Tout le monde, qui n’aime pas dépenser volontairement son argent pour l’artisanat original des monts Métalliféres importé de la Chine ou qui ne travaille pas comme pickpocket indépendant, doit, soyons clair, s’attendre une période d’austérité. Chaque jour à partir de 10 heures du matin, les drôles groupes des trentenaires++ vont glander devant les hautes tables dans la Grimmaische ou dans la Petersstraße et ils vont siffler le vin chaud jusqu’ils perdent toutes leurs inhibitions. Puis ils se mettront les ramures clignotantes sur les têtes et commenceront, le postérieur vacillant, à danser auprès les piétons passants, qui se sont de nouveau, par erreur, égarés dans le centre-ville. Non, je ne comprends pas le concept du marché de Noël : Pourquoi chamboule-t-on des milliers des années de civilisation humaine et s’installe-t-on à l’extérieure dans le froid pour y, en revanche, boire quelque chose de chaud qui coute dans sa production au maximum 50 cents, mais se vend cependant dans la baraque décorée de manière solennelle pour 4 euros ? Et qu’est-ce que ça a à voir avec Noël ?
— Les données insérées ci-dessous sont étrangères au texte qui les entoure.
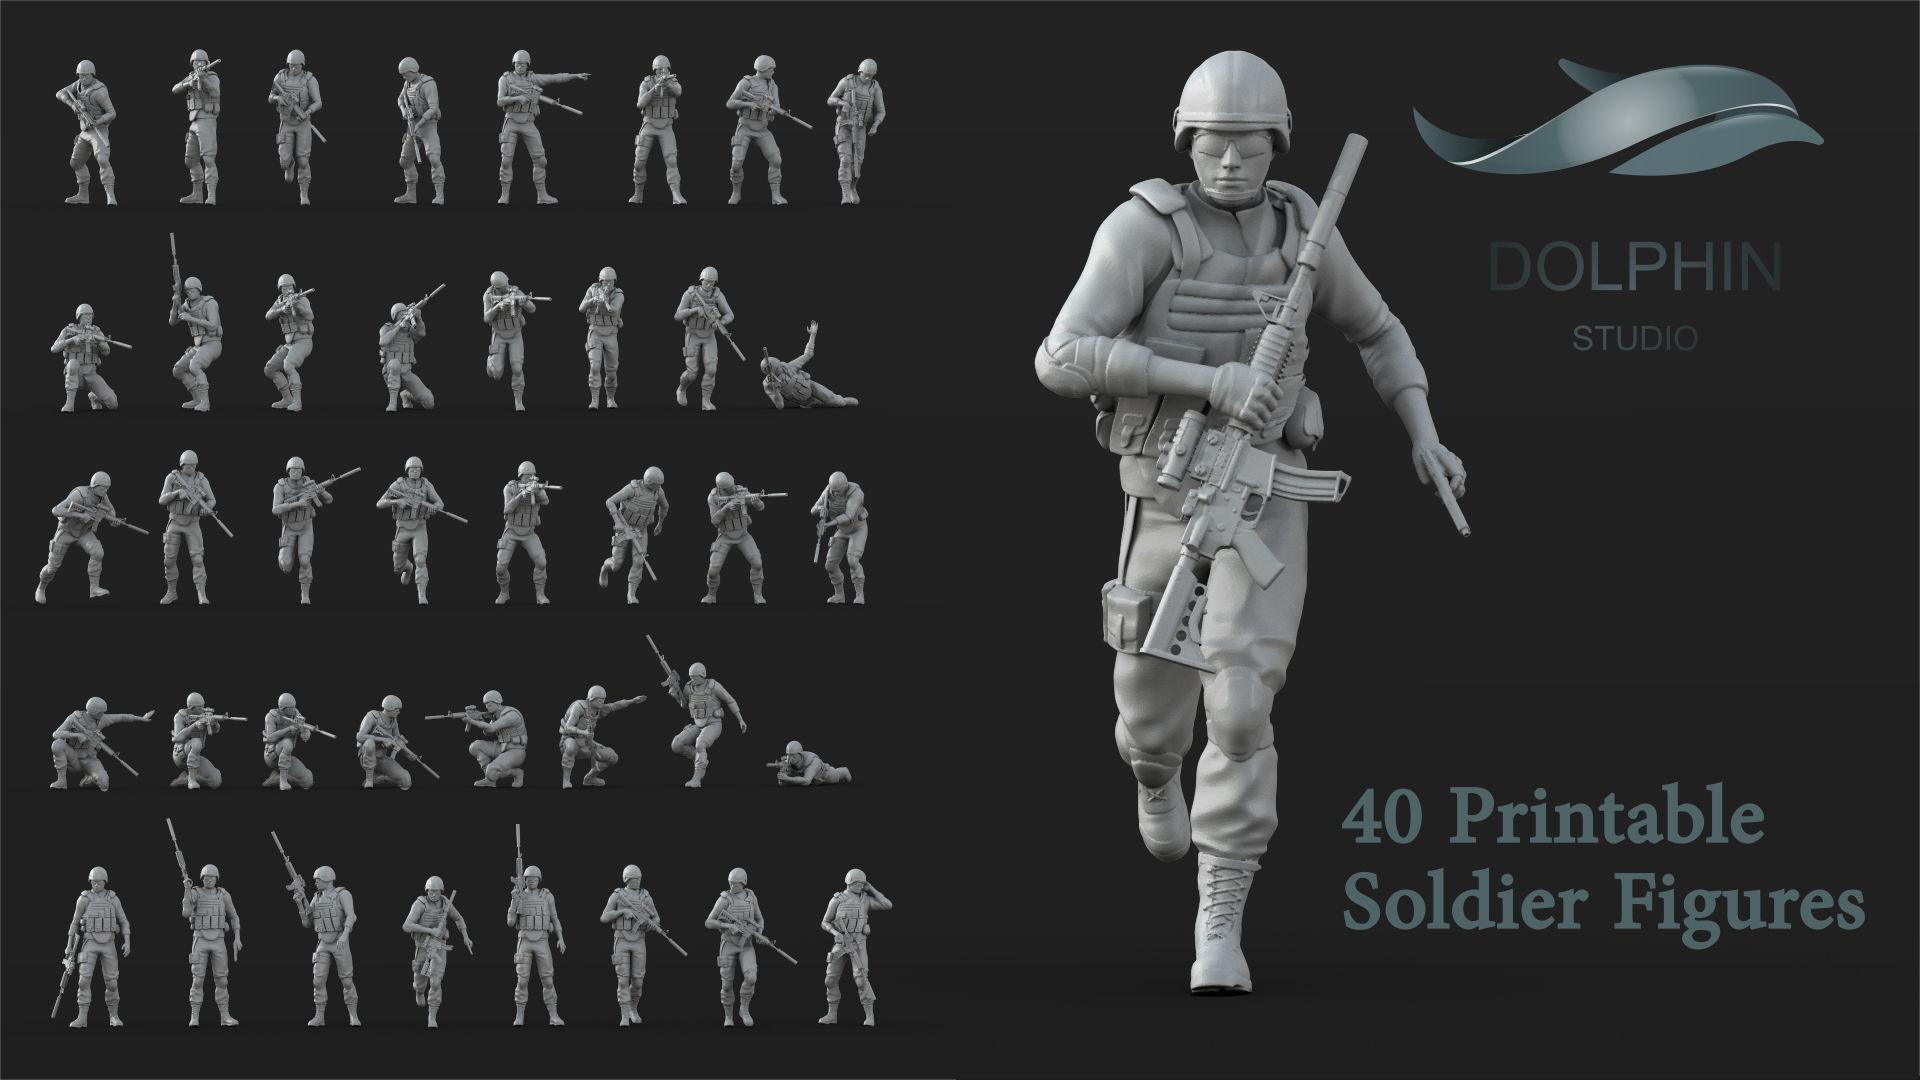 40 US Marines Soldier figures

Vous avez raison ; on ne doit pas déconstruire le spectacle, sinon il nous paraîtra nécessairement complètement absurde. De même, on devrait boire du vin chaud autant que possible, pour ne, surtout pas, se mettre dans l’embarras d’une pensée. Si, en effet, on n’y réfléchit plus du tout, on peut y éventuellement déceler un sens : que le « Milka X-Mas Tour » et « Audi Winterworld » se font accorder des places éminentes dans l’événement de Noël si solennel bien que le marché de Noël veut de l’amour, de la tradition ou quelque chose comme ça – et, en tout cas, pas de commerce.

Mais le pire du marché Noël de Leipzig est : „Gohlis (quartier) garde le silence ! Les autochtones ne se soulèvent pas, pas de pétition contre les vacillantes « soirées filles » qui ne portent aucun but. Même pas une page Facebook incendiaire, rien ! Tout le contraire : Gohlis ne bouge pas un seul orteil. Supposons que la revenue annuelle de la vente des gobelets supercools sera accordée à l’association bénévole de soutien à la construction de l’église doyenné à la place Leuschner.

Et ceci est aussi, d’une certaine manière, dommage.”